▸ Information shown
========
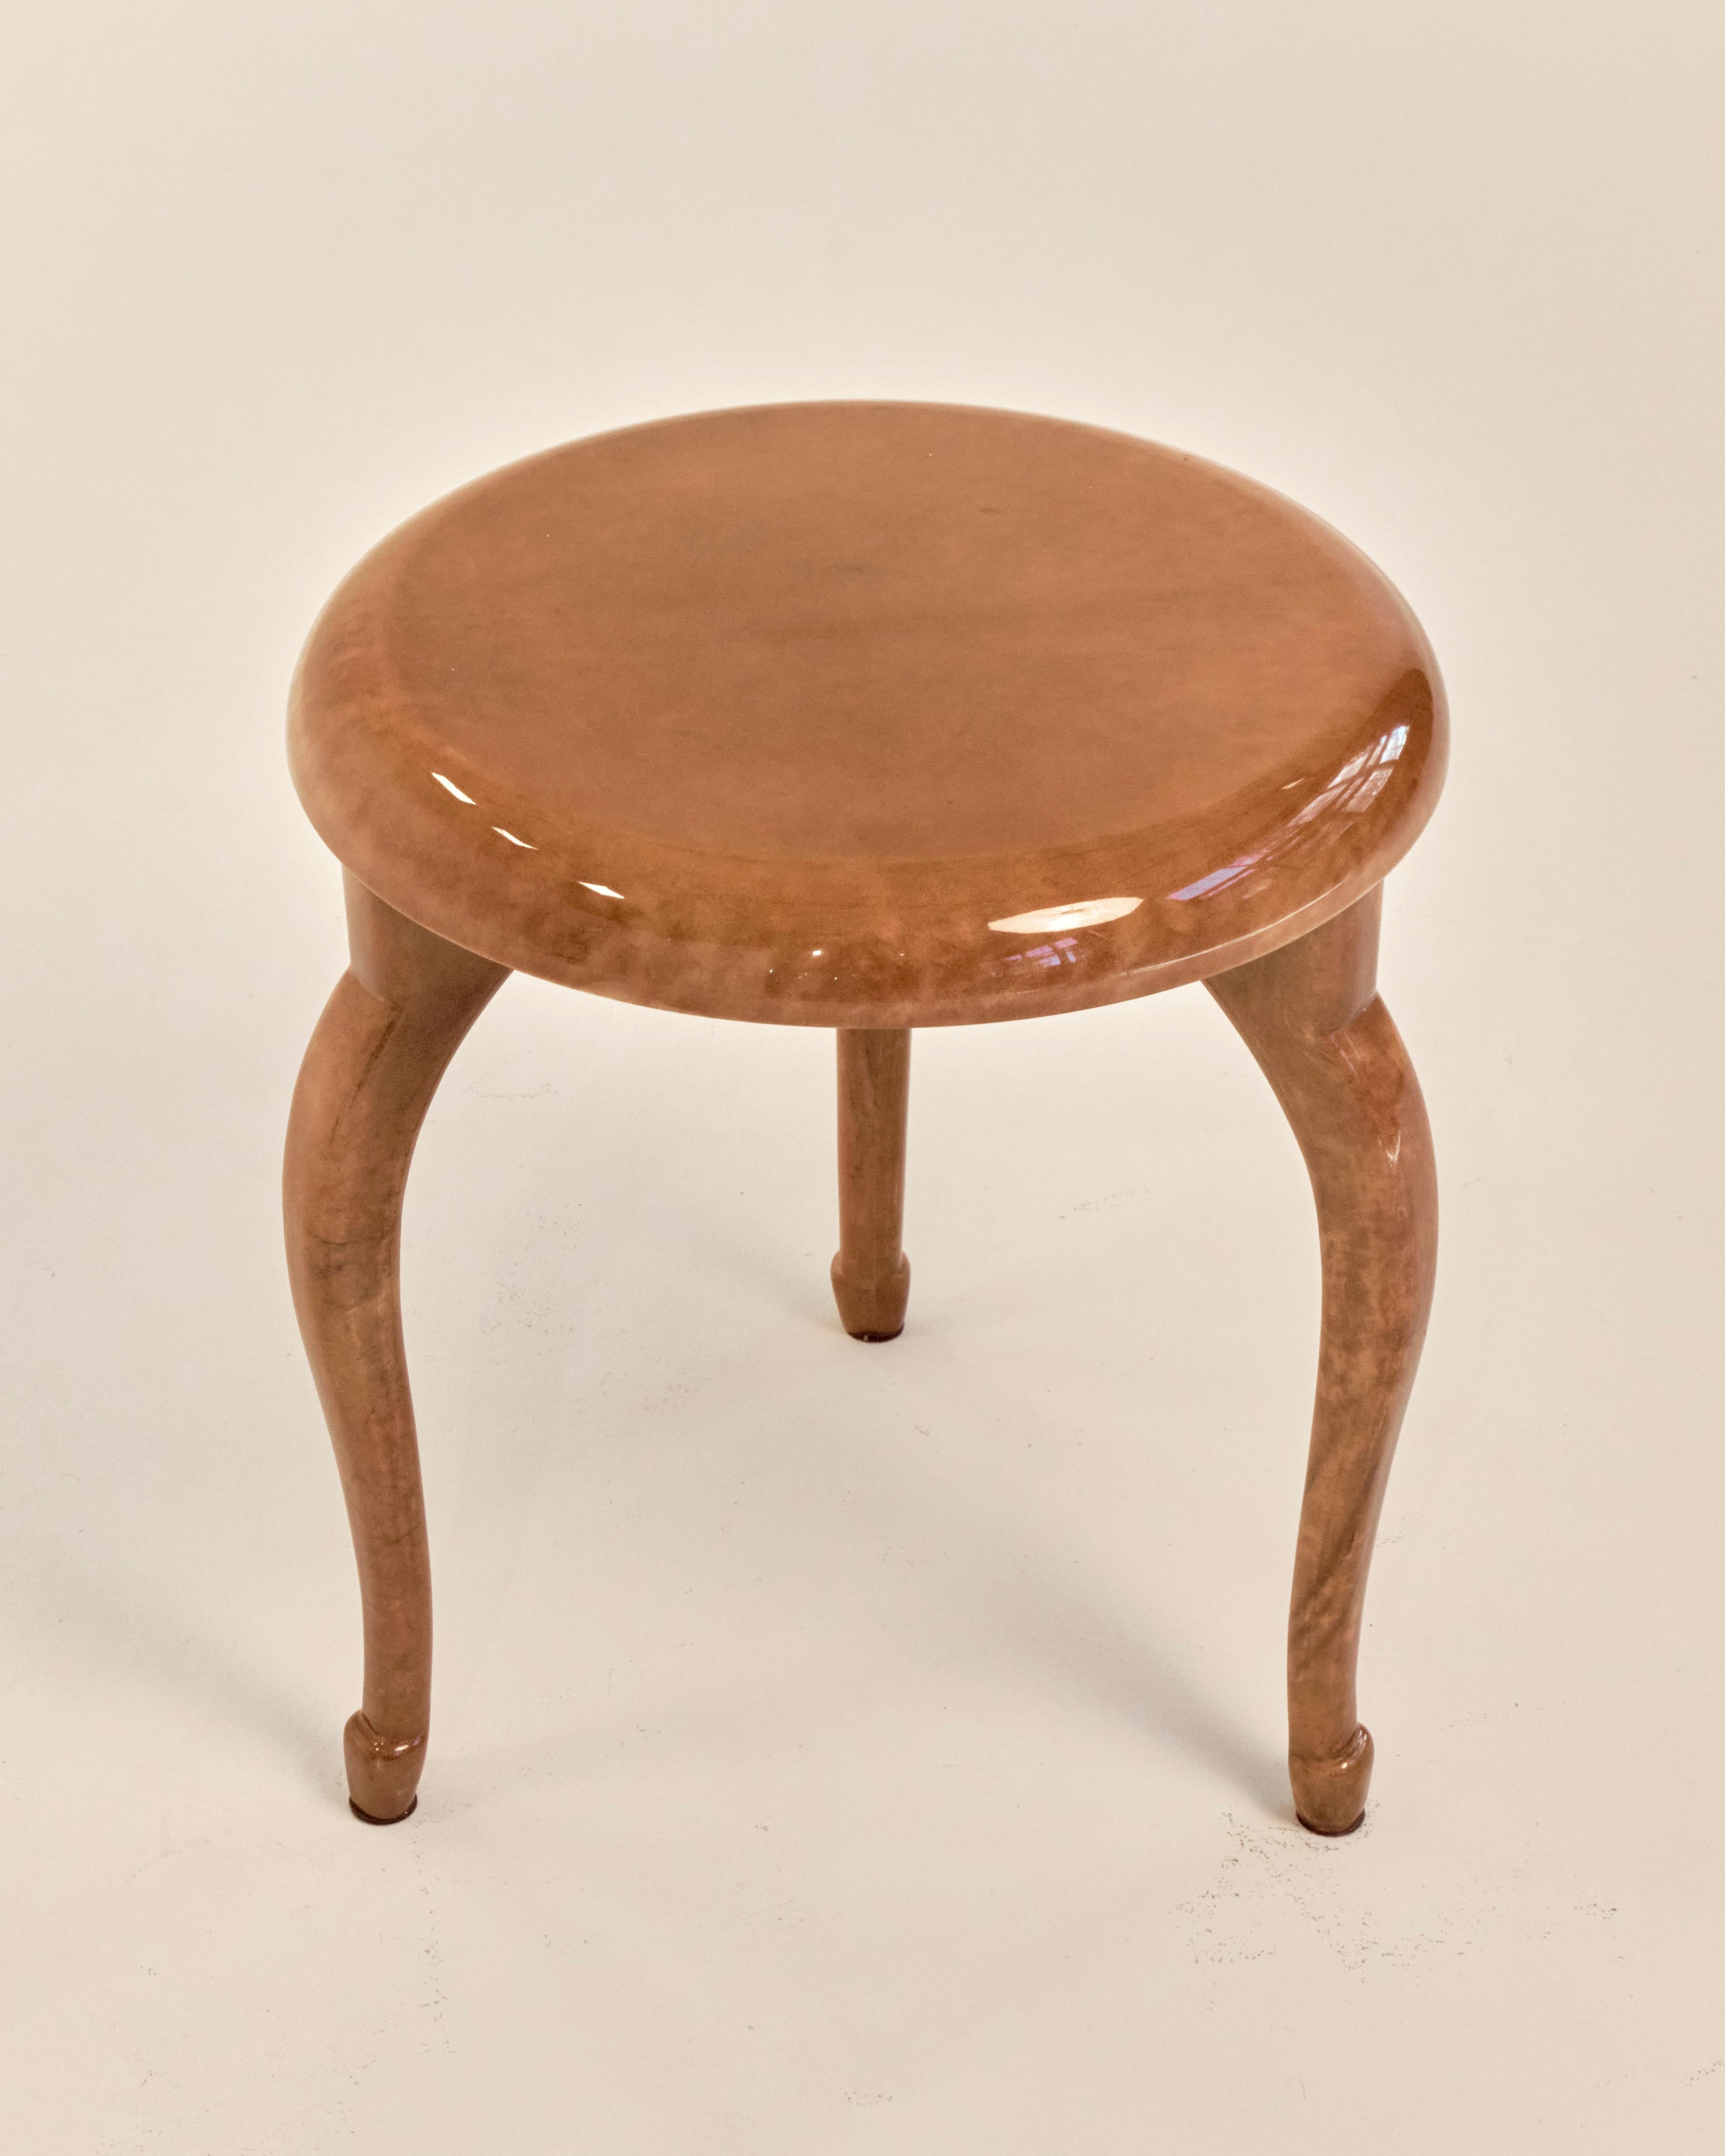 Rare and playful Aldo Tura wood and lacquered goat skin side/end table with curved tapered legs with additional foot detailing element produced in Italy in the 1960's. Table is in great vintage condition with minimal scratches. 

Aldo Tura
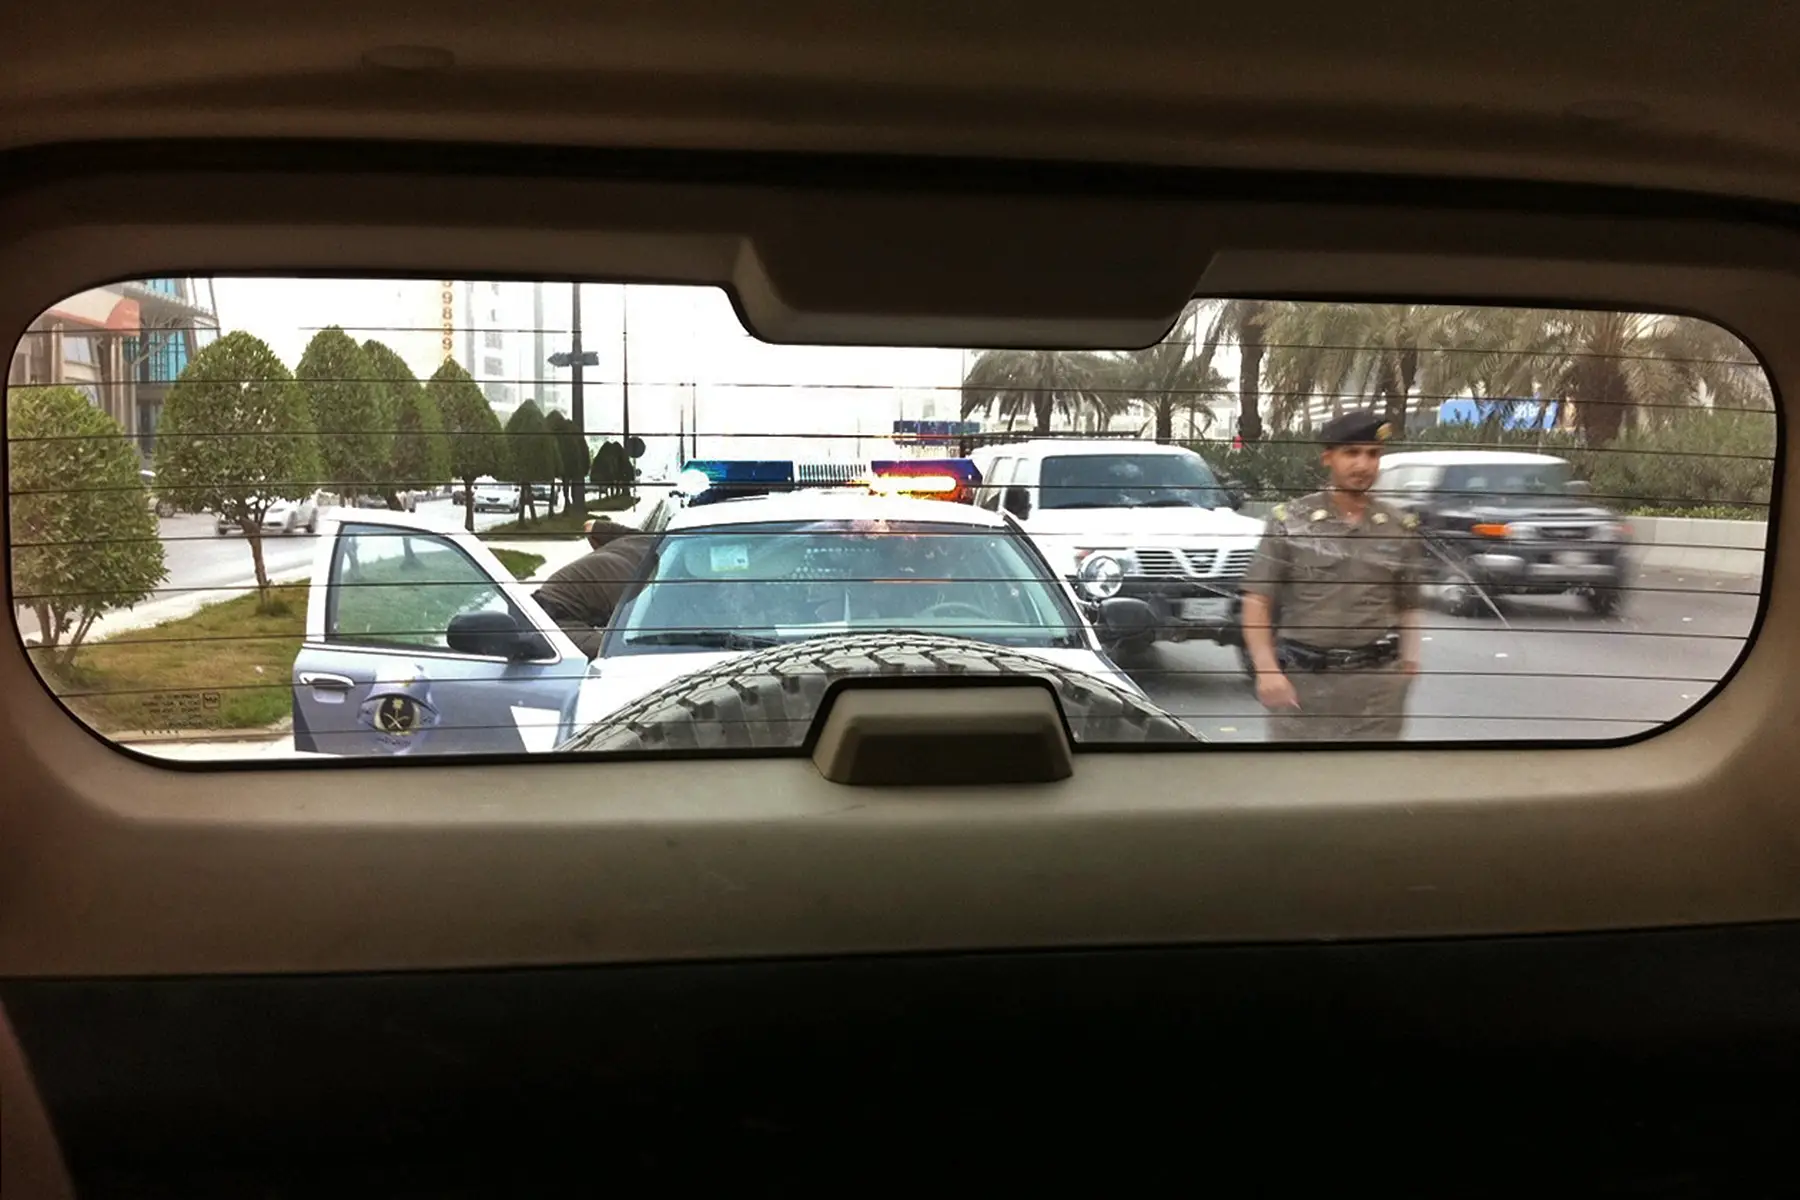 Police in Saudi Arabia approaching a car they pulled over
========
▸ What you have to do
Quote the full listing above word for word; exclude every picture from the copy.

▸ Response to this exercise
 Rare and playful Aldo Tura wood and lacquered goat skin side/end table with curved tapered legs with additional foot detailing element produced in Italy in the 1960's. Table is in great vintage condition with minimal scratches. 

Aldo Tura
 Police in Saudi Arabia approaching a car they pulled over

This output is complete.